● **Problem**
Give the listing again, word for word, and let no picture into it.

● **Given data**
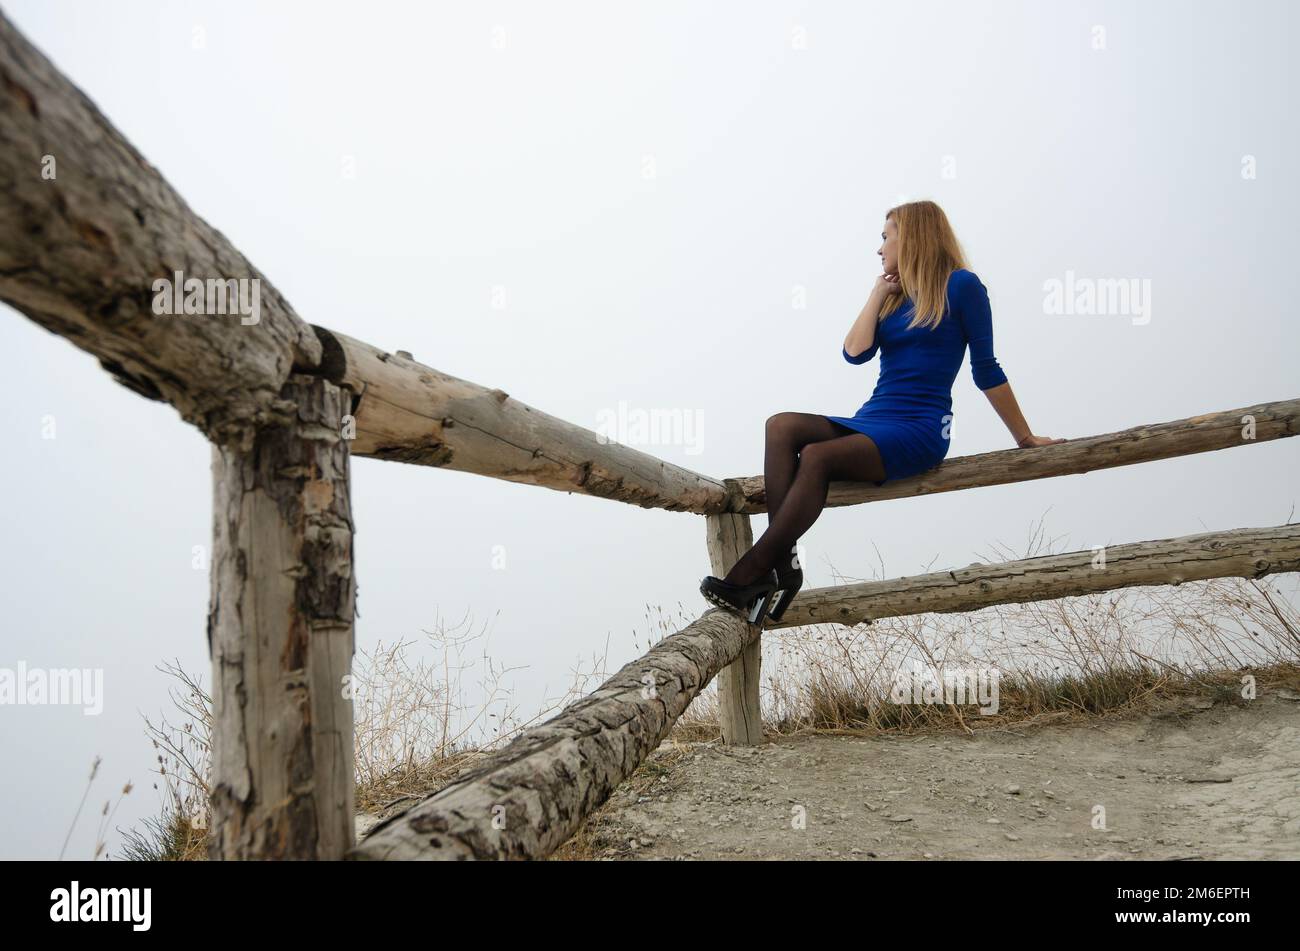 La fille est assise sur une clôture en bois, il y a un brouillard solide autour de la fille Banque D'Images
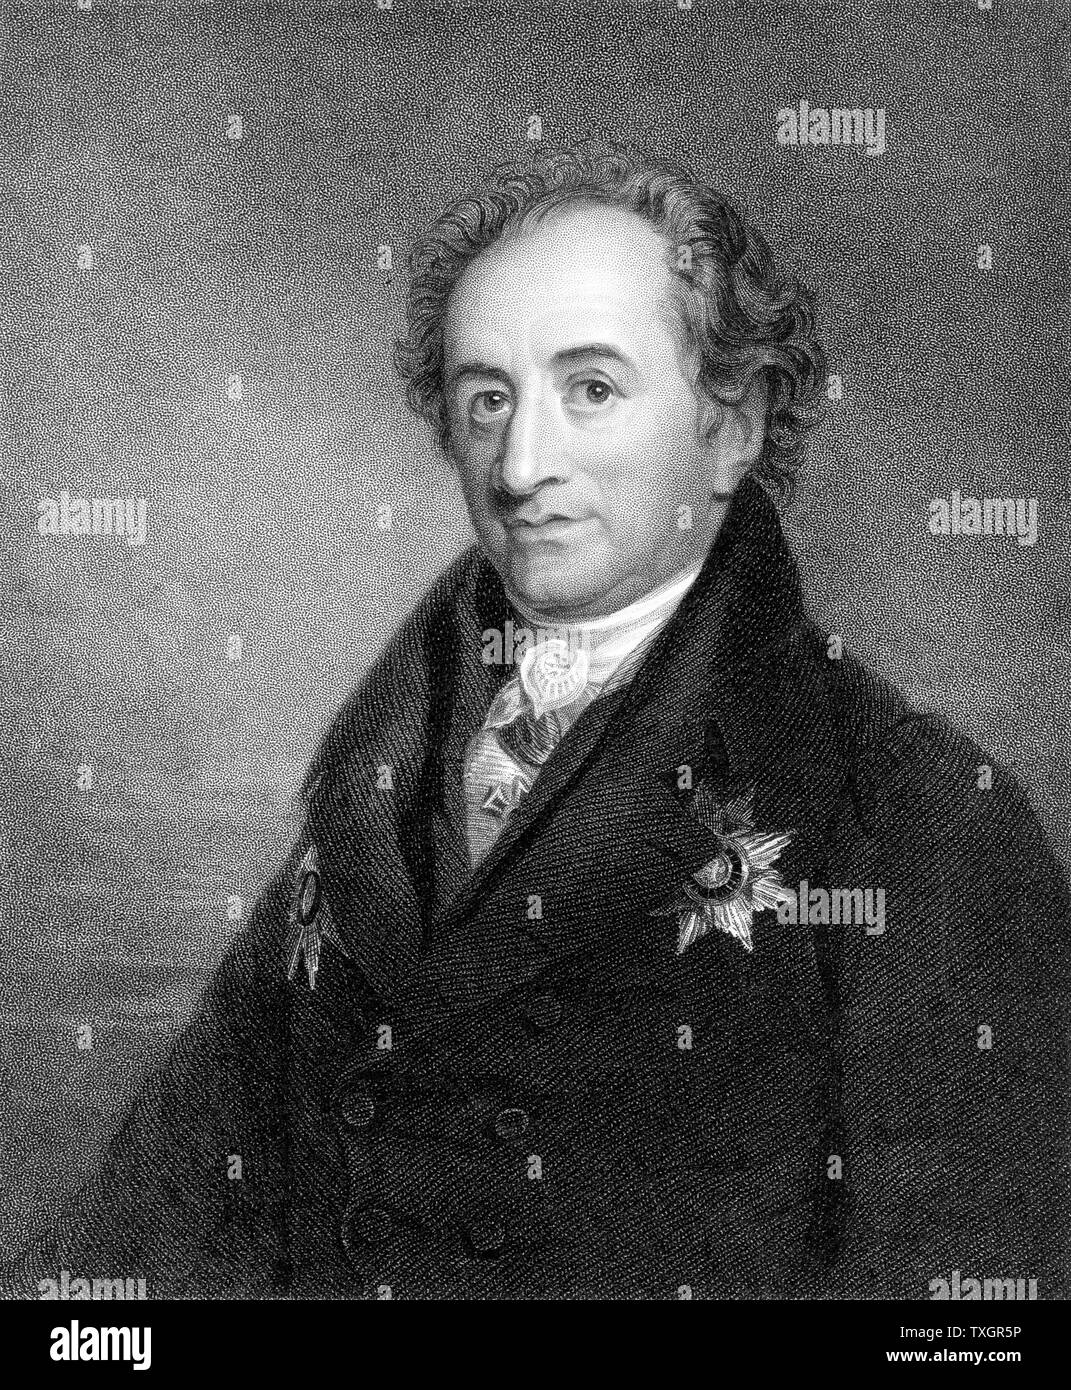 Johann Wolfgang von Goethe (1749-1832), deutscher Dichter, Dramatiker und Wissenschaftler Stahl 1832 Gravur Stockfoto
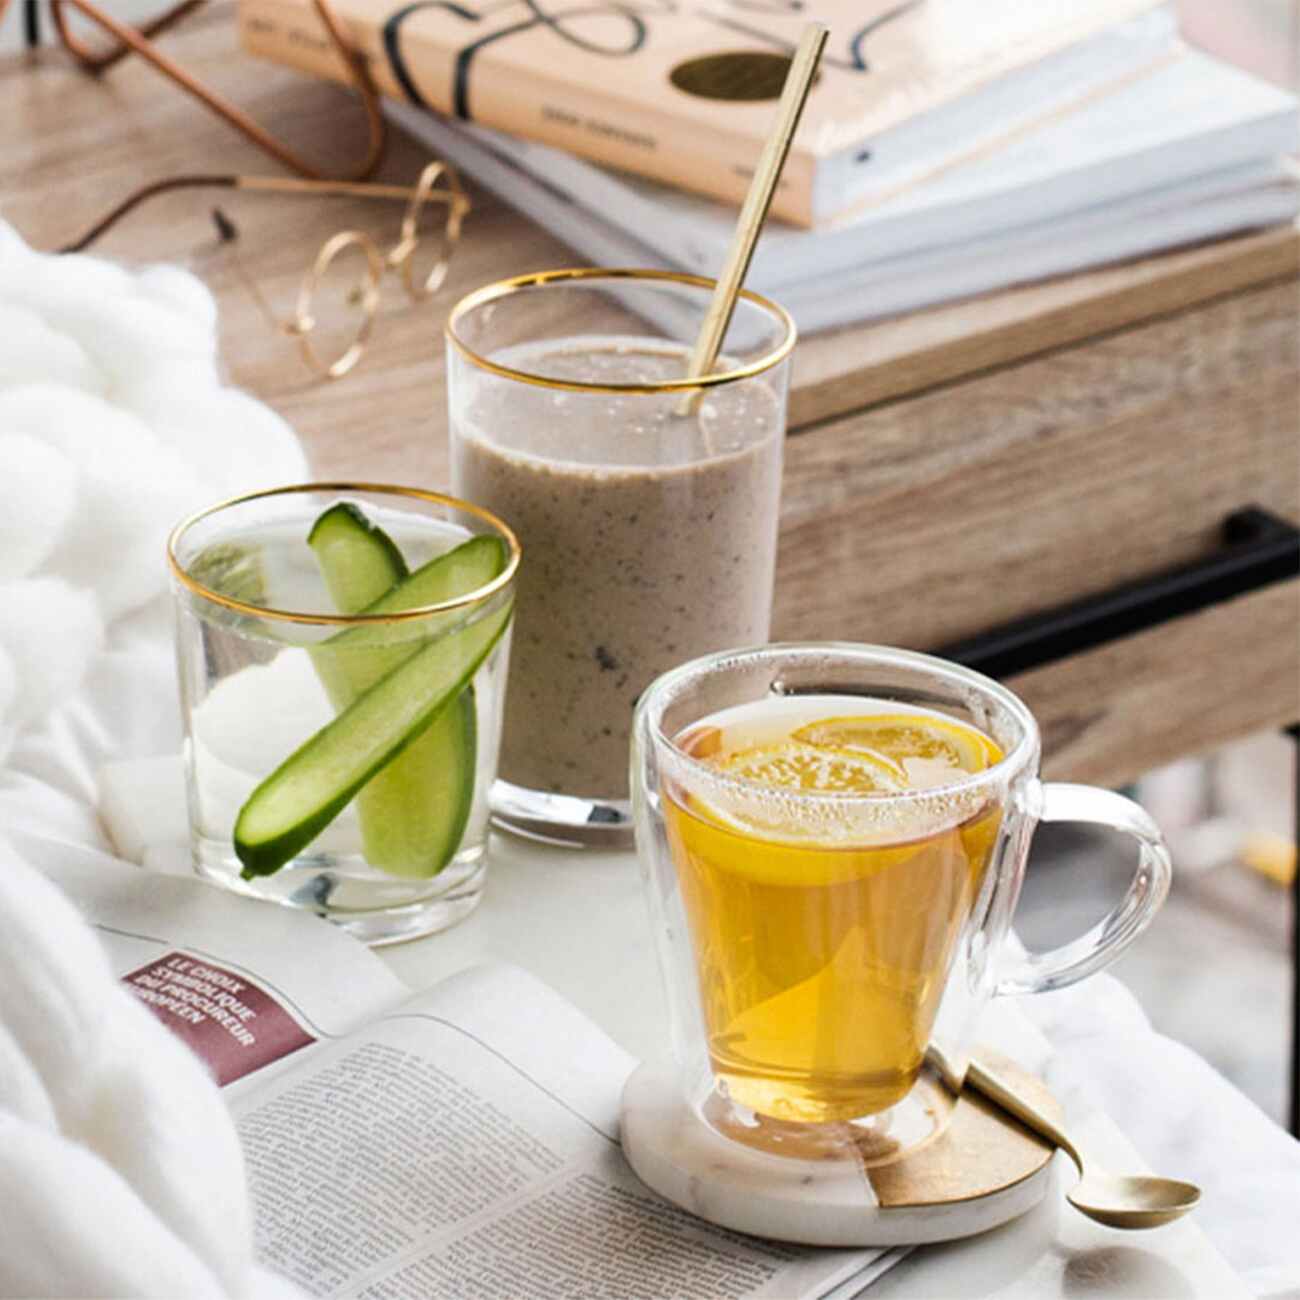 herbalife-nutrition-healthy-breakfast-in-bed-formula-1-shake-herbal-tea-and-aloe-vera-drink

● **Response to this task**
 La fille est assise sur une clôture en bois, il y a un brouillard solide autour de la fille Banque D'Images
 Johann Wolfgang von Goethe (1749-1832), deutscher Dichter, Dramatiker und Wissenschaftler Stahl 1832 Gravur Stockfoto
 herbalife-nutrition-healthy-breakfast-in-bed-formula-1-shake-herbal-tea-and-aloe-vera-drink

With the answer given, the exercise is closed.